Das bezieht sich auf die Pagode aus massivem Bronze auf dem Gipfel des höchsten Berges, Yen Tu. Übrigens, jedes Mal, wenn wir den Steg zur Lobby überqueren, sehen wir die Spitze eines sehr hohen Berges. Abends sehen wir ein Licht ganz oben. Und wir wissen, dass hinter diesem Berg ein noch höherer Berg liegt, auf dem sich diese berühmte Pagode aus massivem Bronze befindet.

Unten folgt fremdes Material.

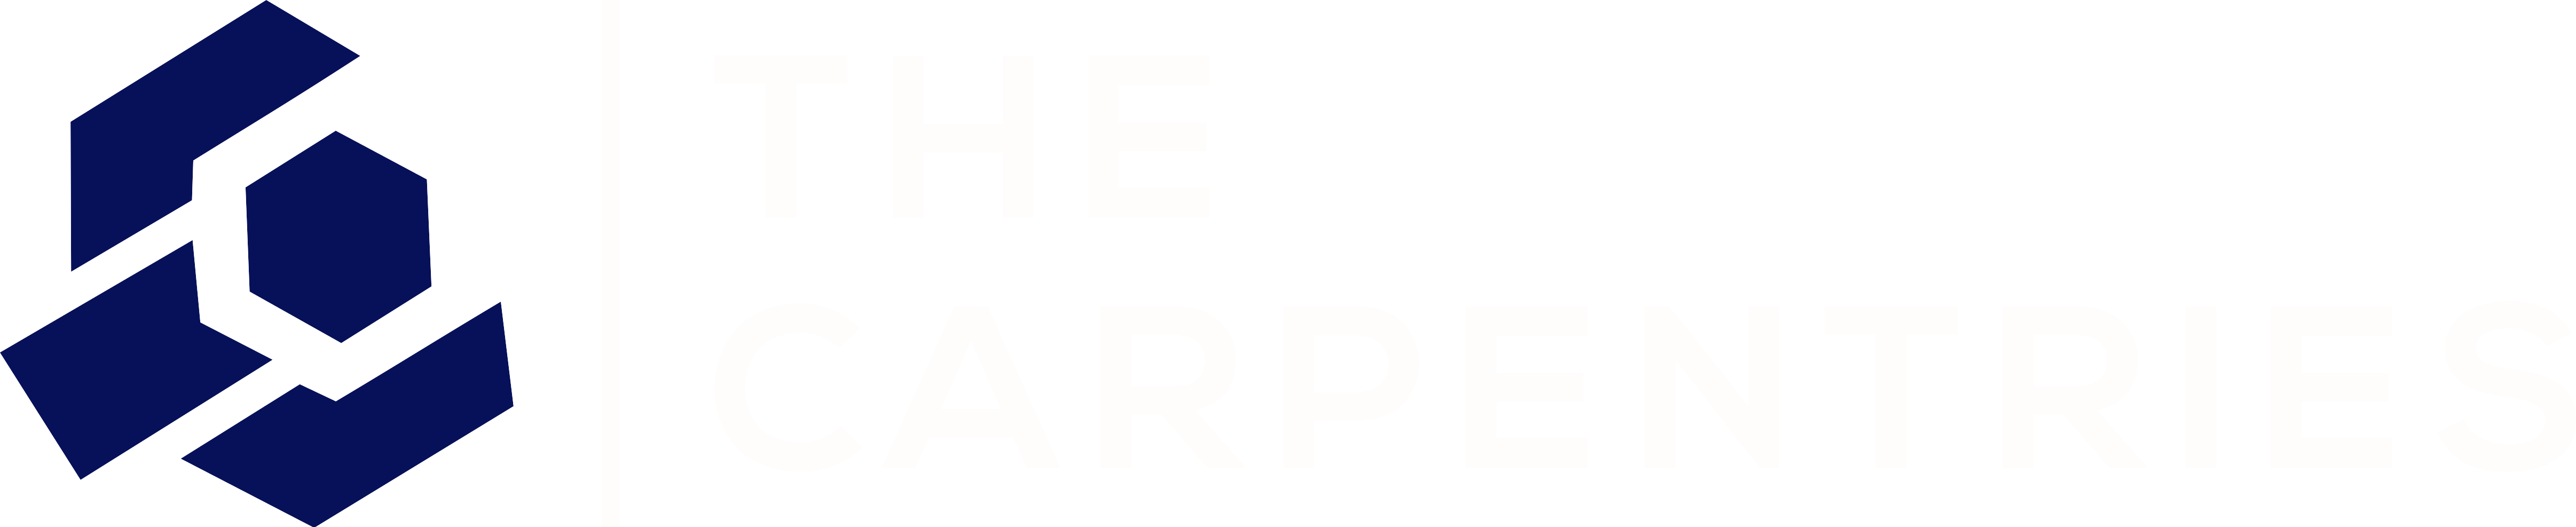 TheCarpentries_white.png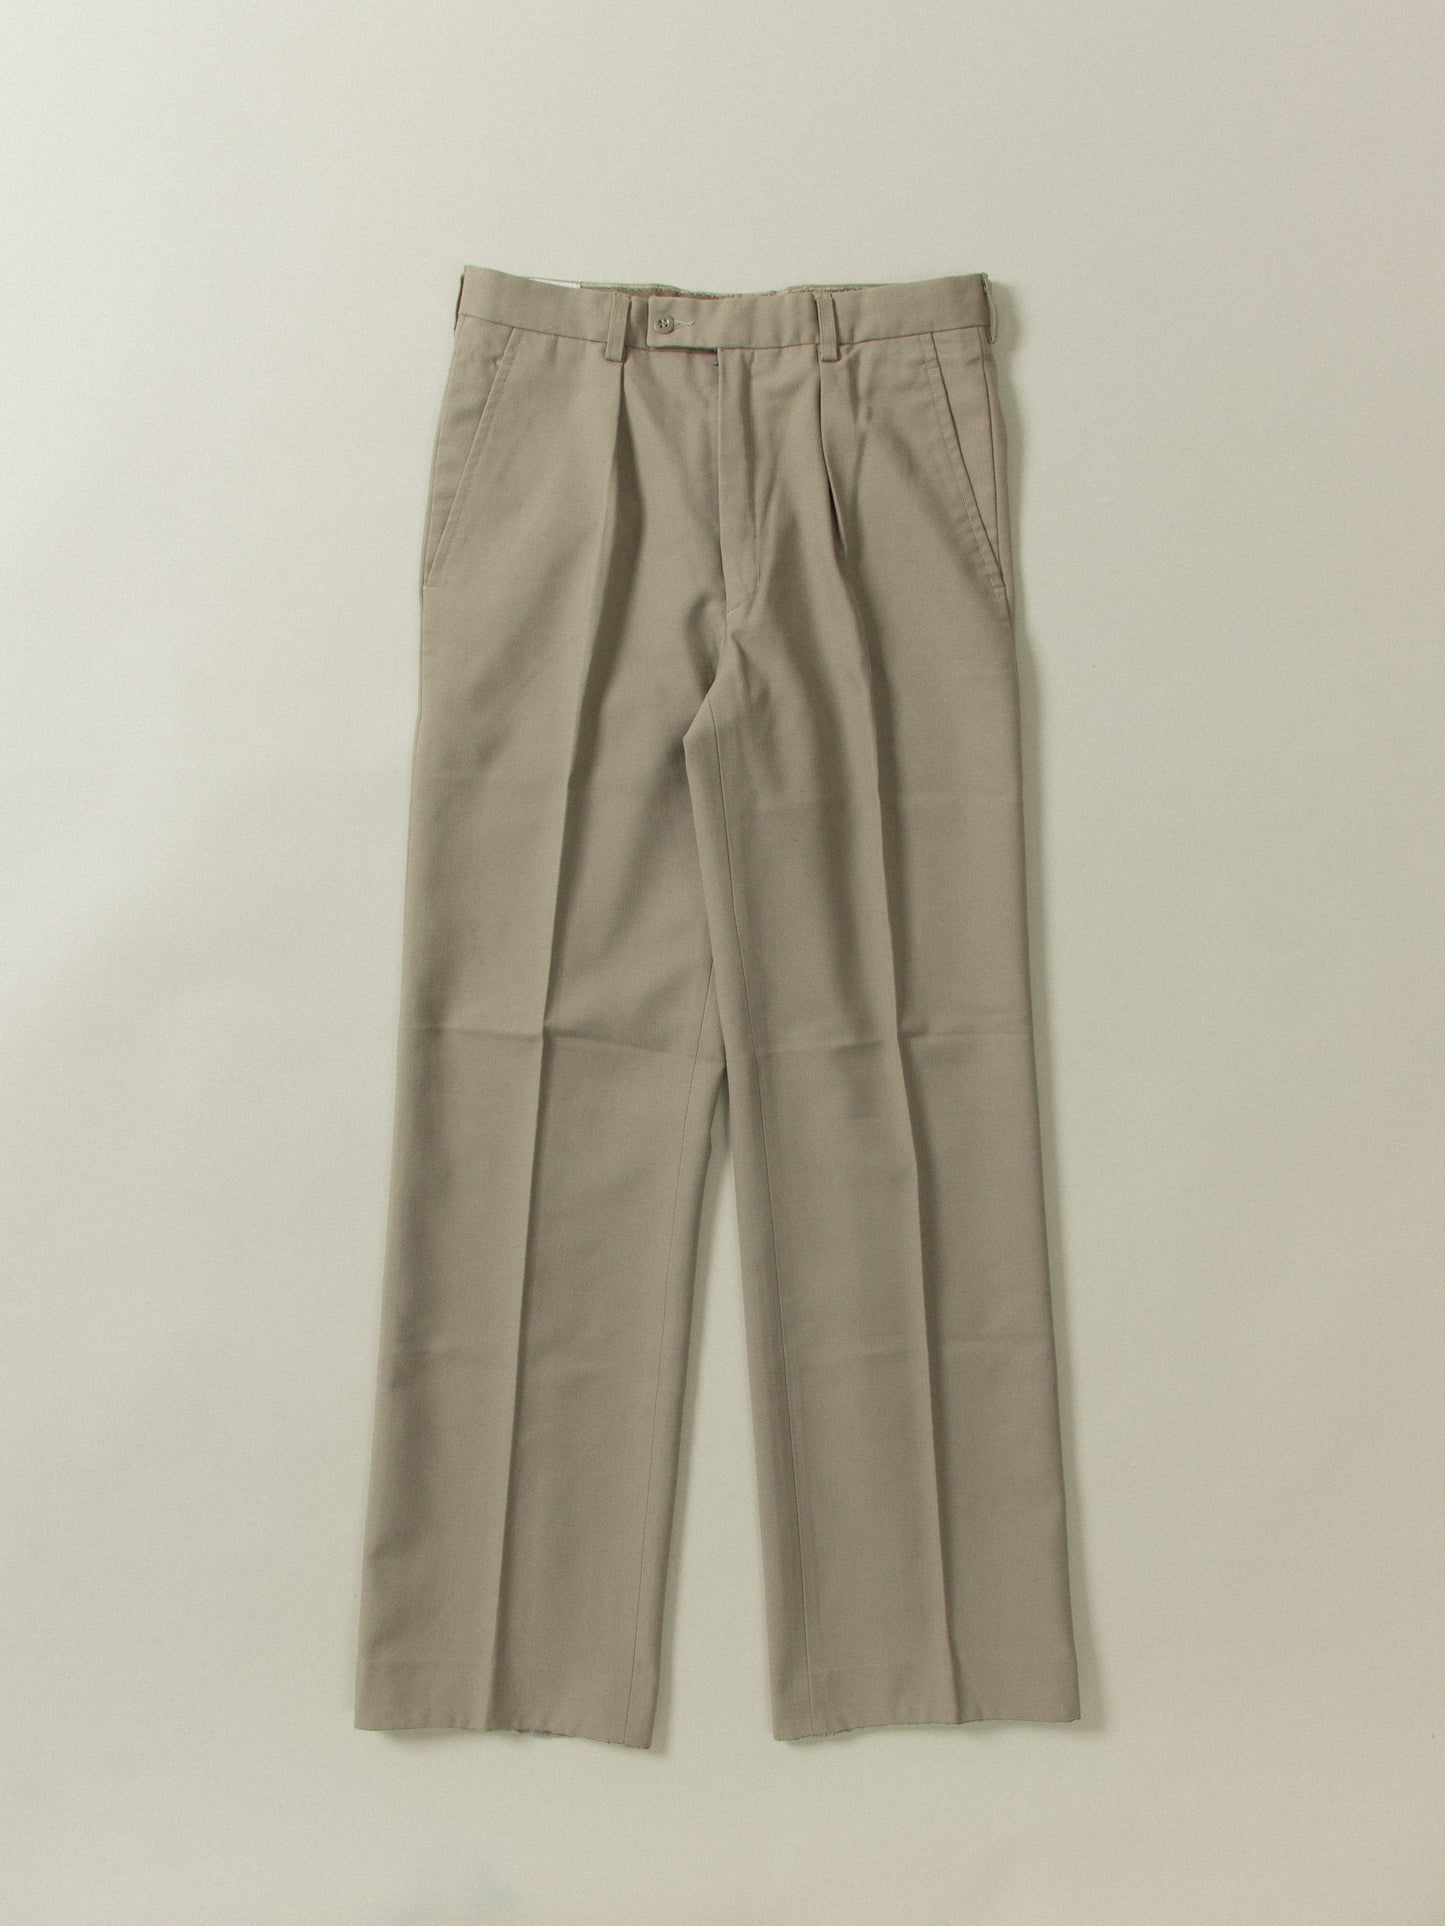 Vtg French Army Dress Trousers

Wir besichtigen den Spa-Bereich. Er besteht aus einem „Onsen“-Teil mit Quellwasser, das auf 45 Grad erhitzt wird, einem Dampfbad, einer Sauna und einem Raum voller Himalaya-Salzsteinen.

Ehrlich gesagt, wenn wir nicht geplant hätten, uns in einem anderen Onsen in der Nähe von Ha Long zu treffen, hätten wir uns vielleicht für diesen (kostenpflichtigen) entschieden. Ich bin überwältigt von der Perfektion des Spas, seiner Architektur, seinen Mikro-Details und seiner Dekoration, dass ich mich für eine Gesichtsbehandlung entscheide und JB überrede, eine Fußmassage zu nehmen. Unter der Woche sind die Preise um 20% reduziert.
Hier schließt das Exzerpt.